Provided by: liblapack-doc_3.3.1-1_all
LAPACK-3 - computes an LU factorization of a general m-by-n matrix A using partial pivoting with row interchanges
SUBROUTINE CGETF2( M, N, A, LDA, IPIV, INFO ) INTEGER INFO, LDA, M, N INTEGER IPIV( * ) COMPLEX A( LDA, * )
CGETF2 computes an LU factorization of a general m-by-n matrix A using partial pivoting with row interchanges. The factorization has the form A = P * L * U where P is a permutation matrix, L is lower triangular with unit diagonal elements (lower trapezoidal if m > n), and U is upper triangular (upper trapezoidal if m < n). This is the right-looking Level 2 BLAS version of the algorithm.

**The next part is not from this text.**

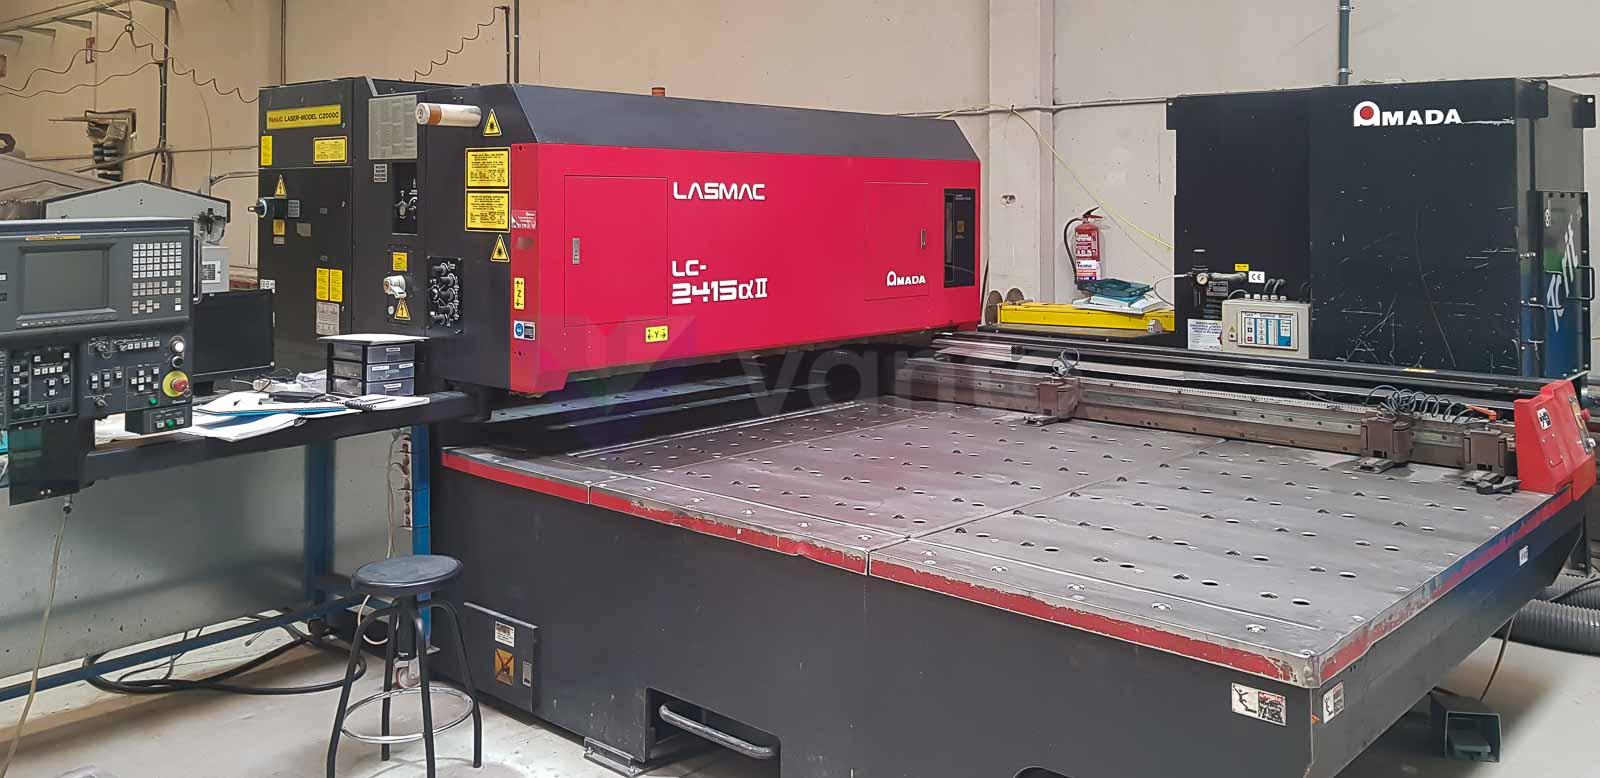 AMADA LC 2415 ALPHA II Laser cutting machine (CO2) (1998) id10591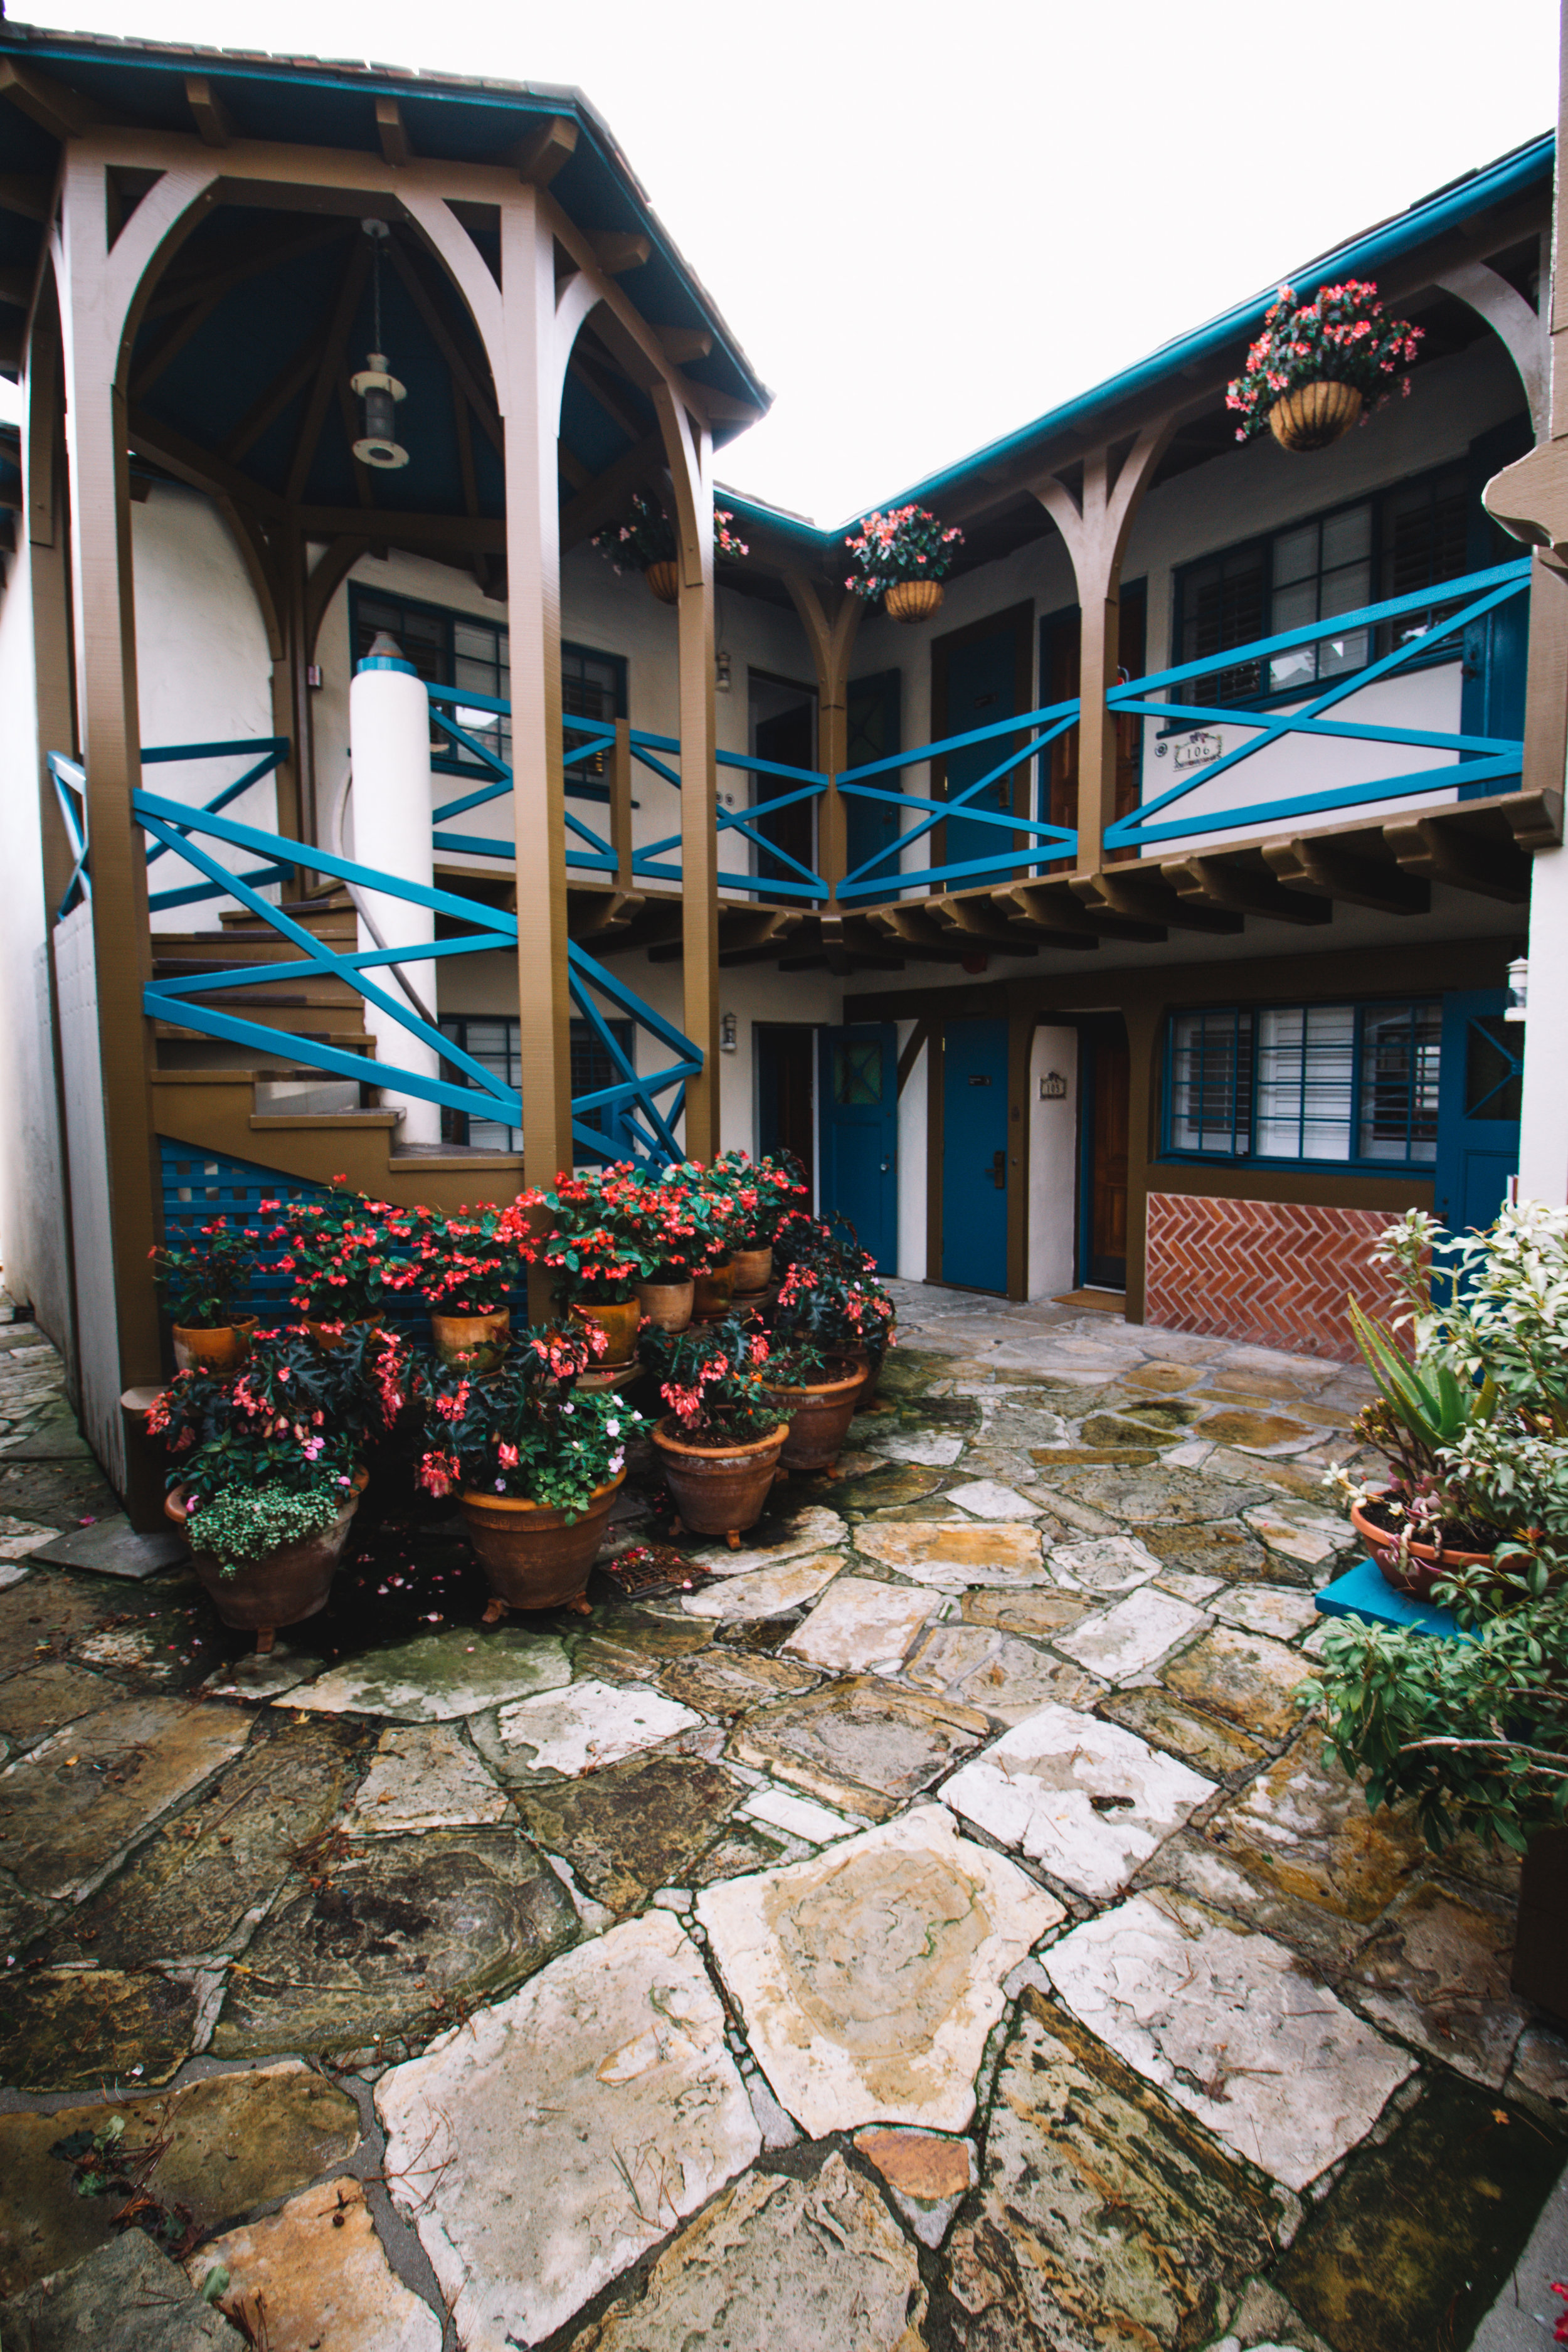 Hotel Normandy Courtyard in Carmel

M (input) INTEGER The number of rows of the matrix A. M >= 0. N (input) INTEGER The number of columns of the matrix A. N >= 0. A (input/output) COMPLEX array, dimension (LDA,N) On entry, the m by n matrix to be factored. On exit, the factors L and U from the factorization A = P*L*U; the unit diagonal elements of L are not stored. LDA (input) INTEGER The leading dimension of the array A. LDA >= max(1,M). IPIV (output) INTEGER array, dimension (min(M,N)) The pivot indices; for 1 <= i <= min(M,N), row i of the matrix was interchanged with row IPIV(i). INFO (output) INTEGER = 0: successful exit < 0: if INFO = -k, the k-th argument had an illegal value > 0: if INFO = k, U(k,k) is exactly zero. The factorization has been completed, but the factor U is exactly singular, and division by zero will occur if it is used to solve a system of equations. LAPACK routine (version 3.2) April 2011 CGETF2(3lapack)